And if anyone hasn't read "River God" by Wilbur Smith, put it on your list! It was one of the most interesting, delightful, "just hated to see it end" books I've read in years. Takes place in ancient Egypt. It's hilarious, tense, full of history, and thoroughly entertaining. Pure enjoyable fiction.


----------



## topnotchminis (Jul 24, 2011)

The author of Water For Elephants has some horse related books that are great they are Riding Lessons and Flying Changes. The authors name is Sara Gruen.


----------



## dreaminmini (Jul 25, 2011)

I love James Patterson, Dean Koontz, Stephen King too but I really enjoy Heather Graham's books. Dust To Dust is my favoutite followed closely by Deadly Harvest and Deadly Night. As well as Ghost Moon, Ghost Night and Ghost Shadow. Another is Karen Harper. A lot of her books are mystery within the Amish community. Very good and very suspenseful.


----------



## REO (Jul 25, 2011)

OMG Jill! Hurry up and "read" the Harry Potter books!

I've never enjoyed anything so much! (besides SK)


----------



## Riverrose28 (Jul 25, 2011)

sfmini said:


> I decided to see if our library had this author and couldn't find him so googled. His name is James Rollins, and he does exist in the library under that name. Glad to find that as I am running out of Lee Childs audio books.


I'm so wrong, and you are so right, it is James Rollins!

When I go to edit I get the correction box to change the text, but I can't find the save changes button.

Thanks, Terry


----------



## Riverrose28 (Jul 25, 2011)

Riverrose28 said:


> I'm so wrong, and you are so right, it is James Rollins!
> 
> When I go to edit I get the correction box to change the text, but I can't find the save changes button.
> 
> Thanks, Terry


I found the save changes button hidden behind the smily faces, duh!


----------



## CookieGirl (Jul 26, 2011)

George R.R. Martin's A Song of Ice and Fire Series is fantastic! HBO just aired the first season of Game of Thrones which is based on these books, with the same names as the first book in the 7 book series. I have read A Clash of Kings(the 2nd book) and am about 2/3 through the third book, A Storm of Swords.

Christopher Moore is also a good one with a great sense of humor. And of course, Stephen King is a staple.

And I was pleasantly surprised by Stephanie Moore's The Host.


----------



## wildoak (Jul 26, 2011)

> The author of Water For Elephants has some horse related books that are great they are Riding Lessons and Flying Changes. The authors name is Sara Gruen.


I've read those and just finished a newer one by her, Ape House.

Other recent reads, The Art of Racing in the Rain, Garth Stein.

A Girl and Five Brave Horses (true account of Wild Hearts Can't be Broken/movie) by Sonora Carver.

Just re-read an old Dick Francis book, my all time favorite author. I could read and re-read his every day I think.

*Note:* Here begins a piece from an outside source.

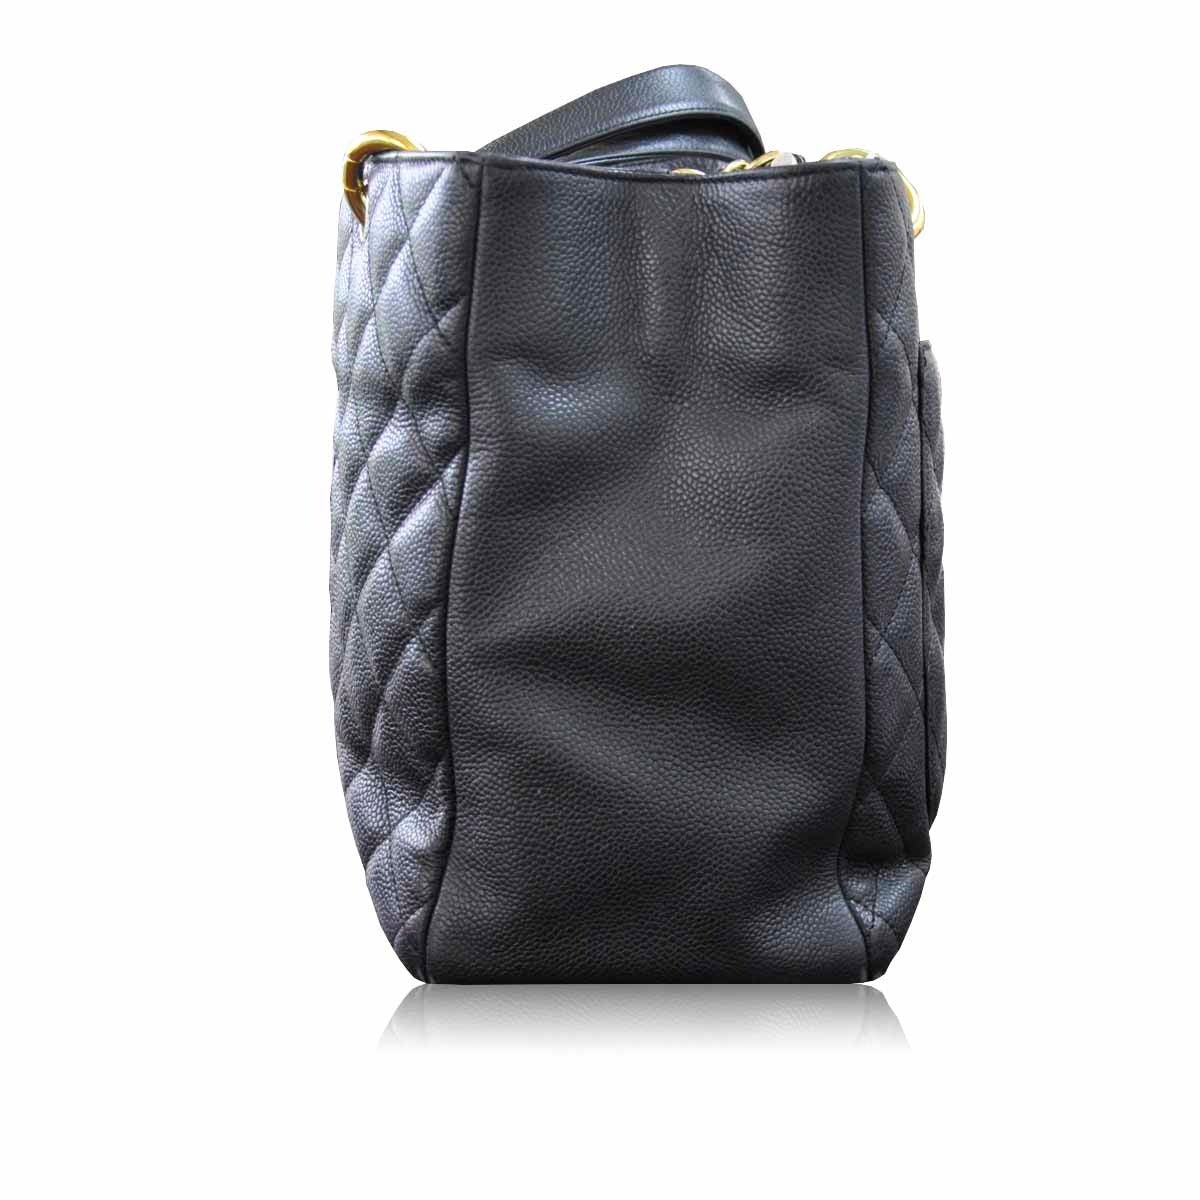 Chanel Grand Shopper Tote GST Black Leather Handbag 1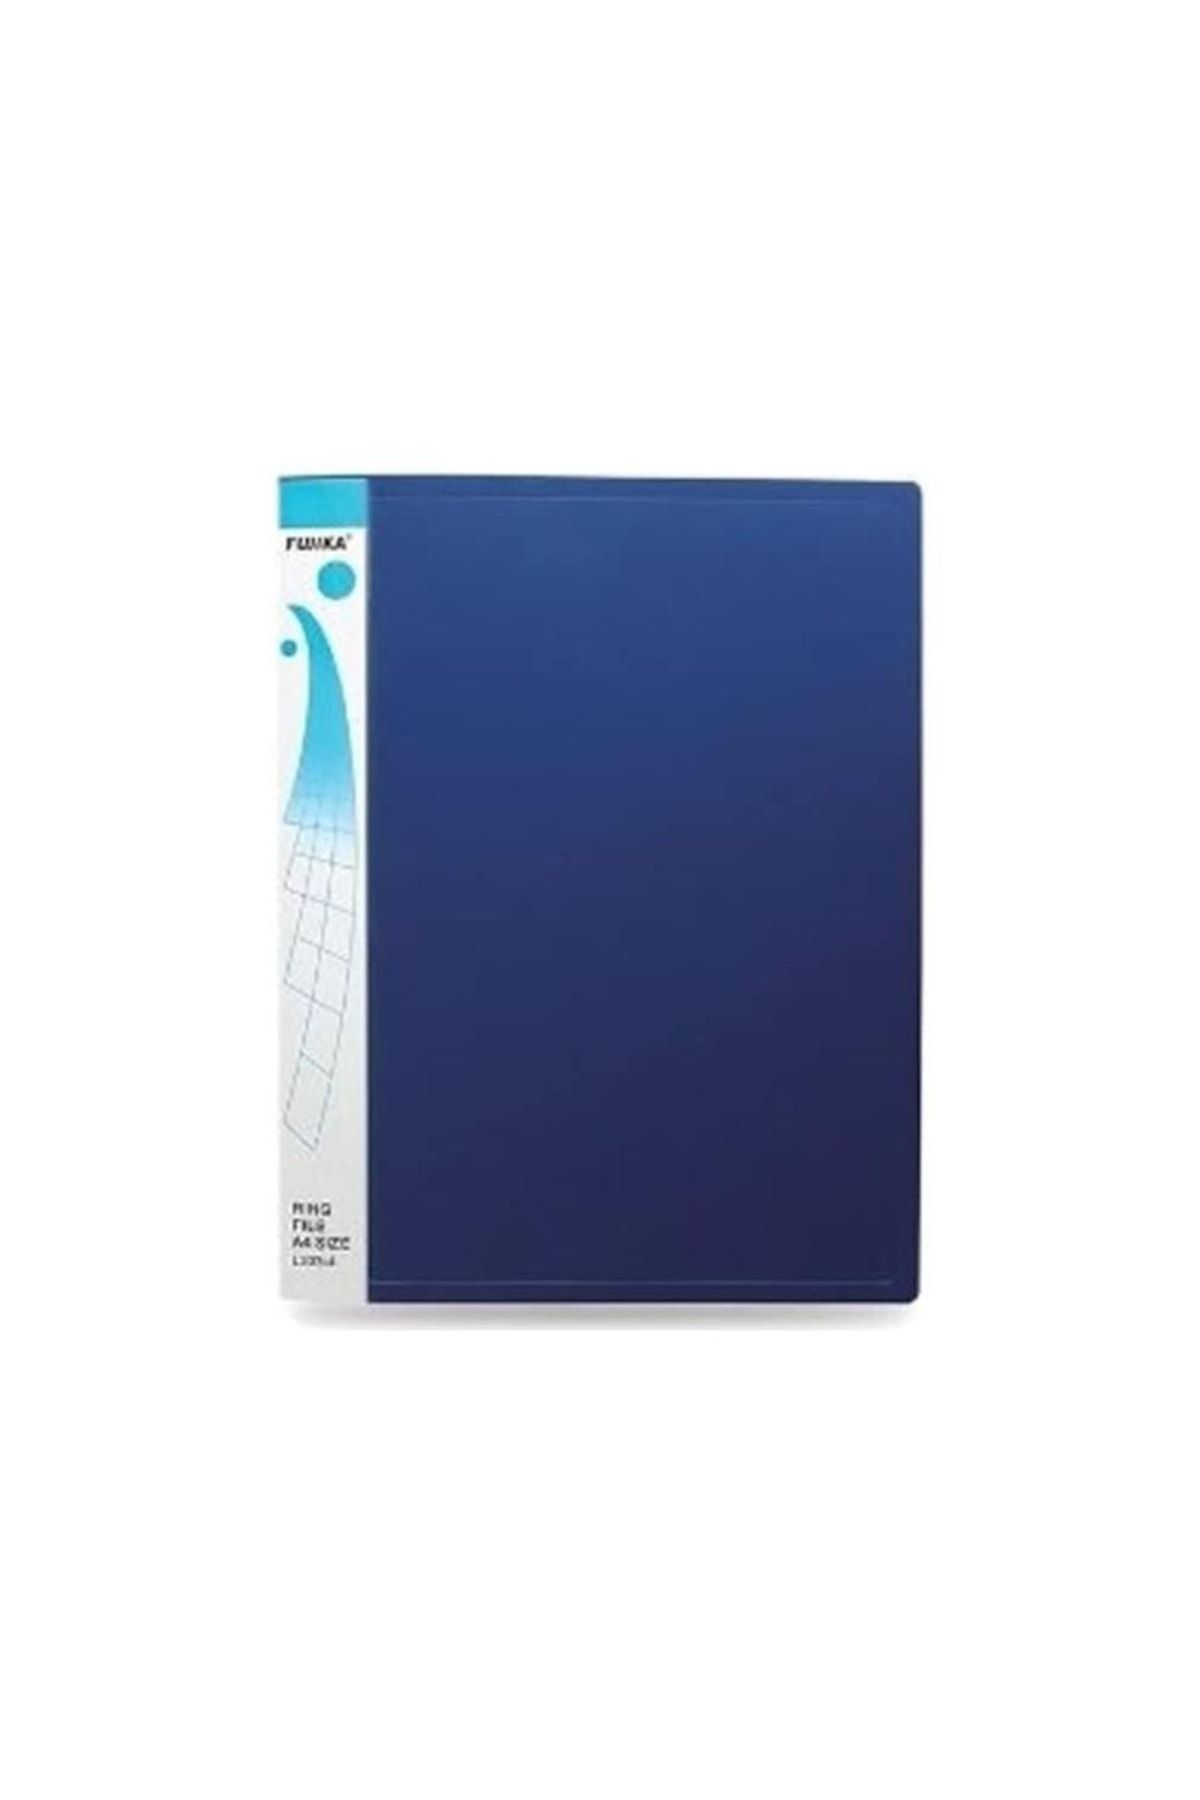 Fujika Katalog Sunum Dosyası 30 Kapasiteli A4 Mavi

A couple of James Patterson books, and a few others I can't remember at the moment lol. I also have a couple I pick up between "quick reads", have been working on Cleopatra biography for awhile now and just started Bill Bryson At Home. Have the George Bush book, Decision Points, to read too when I get to it.

Jan


----------



## AppyLover2 (Jul 27, 2011)

Since so many of you are readers I just thought I'd mention Paperback Swap. I think I first heard about it here several years ago. I've been a member ever since and it's a wonderful way to get trade books you've read and get ones you want to read. http://www.paperbackswap.com/index.php


----------



## sfmini (Jul 27, 2011)

At work I started Take a Book, Leave a Book and it has worked out well. You are free to take whatever looks good and we just ask that you drop off any books you are done with. All on the honor system and we have had some great books rotate through.


----------